Wilkin JK, DeWitt S. Int J Dermatol 1993; 32: 65–7.

A randomized, blinded 12-week trial compared topical clindamycin lotion twice daily with oral tetracycline ( n = 43). Efficacy outcomes were similar in both groups, although clindamycin was superior in pustule reduction.

Current published recommendations by multiple organized groups that discuss acne and rosacea management, and antibiotic therapy use, advise against monotherapy with topical clindamycin due to increased emergence of antibiotic-resistant bacterial strains. In the case of rosacea, there are several other approved topical therapy options available.

Randomized, phase 2, dose-ranging study in the treatment of rosacea with encapsulated benzoyl peroxide gel

Leyden JJ. J Drugs Dermatol 2014; 13(6): 685–8.

Once-daily application of encapsulated benzoyl peroxide 1% and 5% formulations were evaluated in a multicentered randomized, double-blind, vehicle-controlled, 12-week study in patients with predominantly moderate papulopustular rosacea ( n = 92). Both 1% and 5% encapsulated benzoyl peroxide gel were significantly superior to vehicle in reducing papulopustular lesions ( p = 0.01; p = 0.02); the 5% formulation was significantly superior to vehicle based on IGA ratings of achieving clear or almost clear ( p = 0.0013).

Double-blind, randomized, vehicle-randomized clinical trial of once-daily benzoyl peroxide/clindamycin topical gel in the treatment of patients with moderate to severe rosacea

Breneman D, Savin R, VandePol C, et al. Int J Dermatol 2004; 43: 381–7.

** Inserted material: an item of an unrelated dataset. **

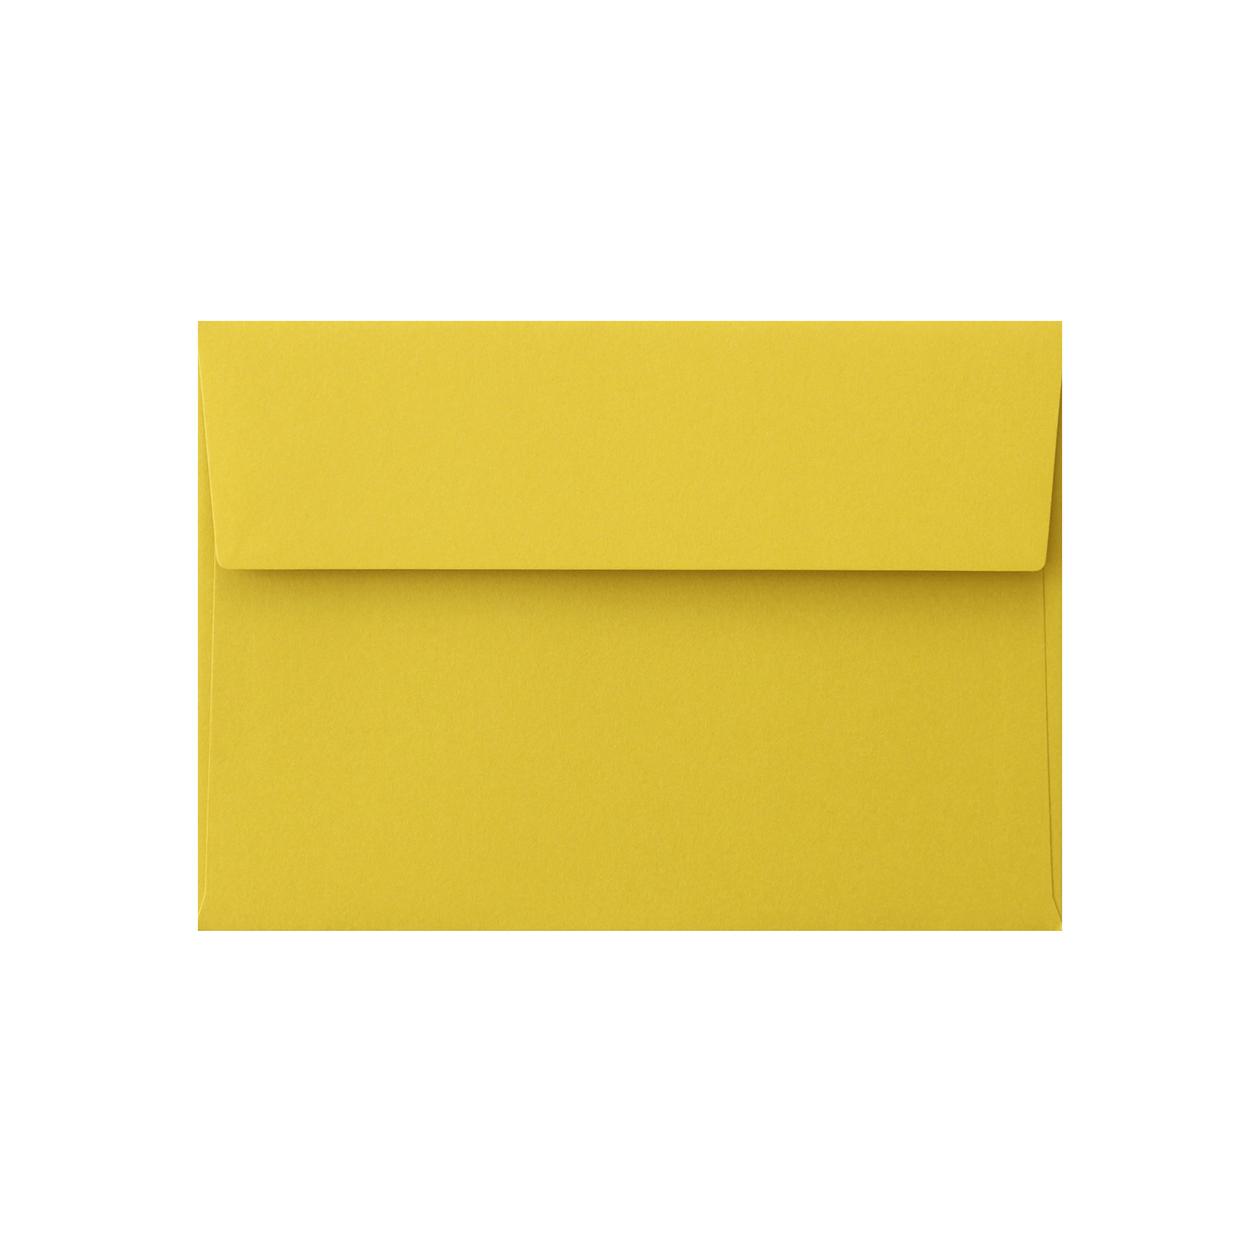 洋2カマス封筒 コットン(NTラシャ) もえぎ 116.3g
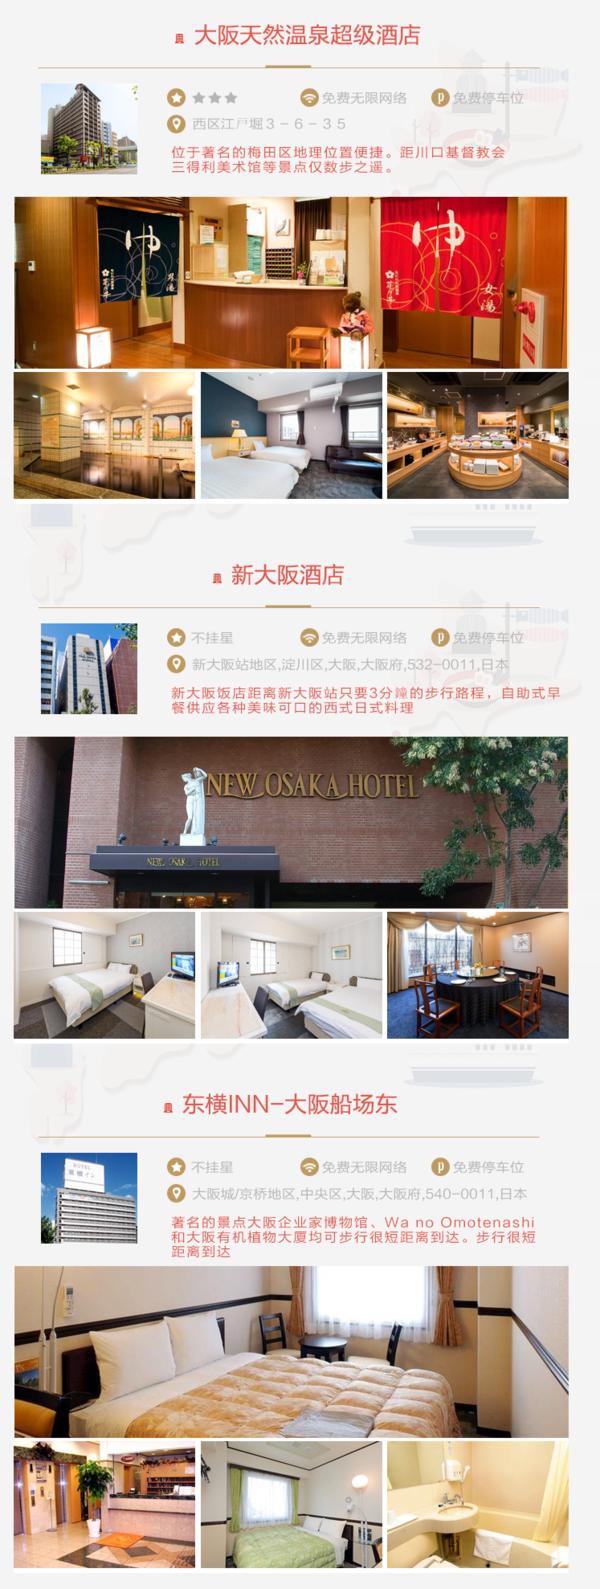 上海-日本大阪5天4晚自由行(4晚市區溫泉酒店)

Use of 5% benzoyl peroxide/1% clindamycin gel once daily was shown to be effective ( n = 52). Mean percentage reduction in inflammatory lesions from baseline to the end of treatment was 71.3% in the benzoyl peroxide/clindamycin group and 19.3% in the vehicle group ( p = 0.0056). Application site reactions were noted in four of 26 patients in the benzoyl peroxide/clindamycin study group.

Oral use of azithromycin for treatment of acne rosacea

Fernandez-Obregon A. Arch Dermatol 2004; 140: 489–90.

Ten patients responded to azithromycin 250 mg/day for 3 days each week (Monday, Wednesday, and Friday) within 4 weeks. Ocular symptoms also improved. The long half-life of azithromycin supports intermittent administration.

Papulopustular rosacea: response to treatment with oral azithromycin

Lova Navarro M, Sánchez-Pedreño Guillen P, Victoria Martínez AM, et al. Actas Dermosifiliogr 2018; 109(6): 529–35.

This prospective pilot study evaluated oral azithromycin use after inadequate response to oral doxycycline and metronidazole gel ( n = 16). Fourteen patients showed complete or almost complete improvement (complete clearance of papules/pustules; marked reduction in perilesional erythema). The authors concluded that oral azithromycin could be effective for short-term and long-term treatment in refractory cases.

Caution with oral azithromycin is suggested in older patients and those with a history of cardiac disease.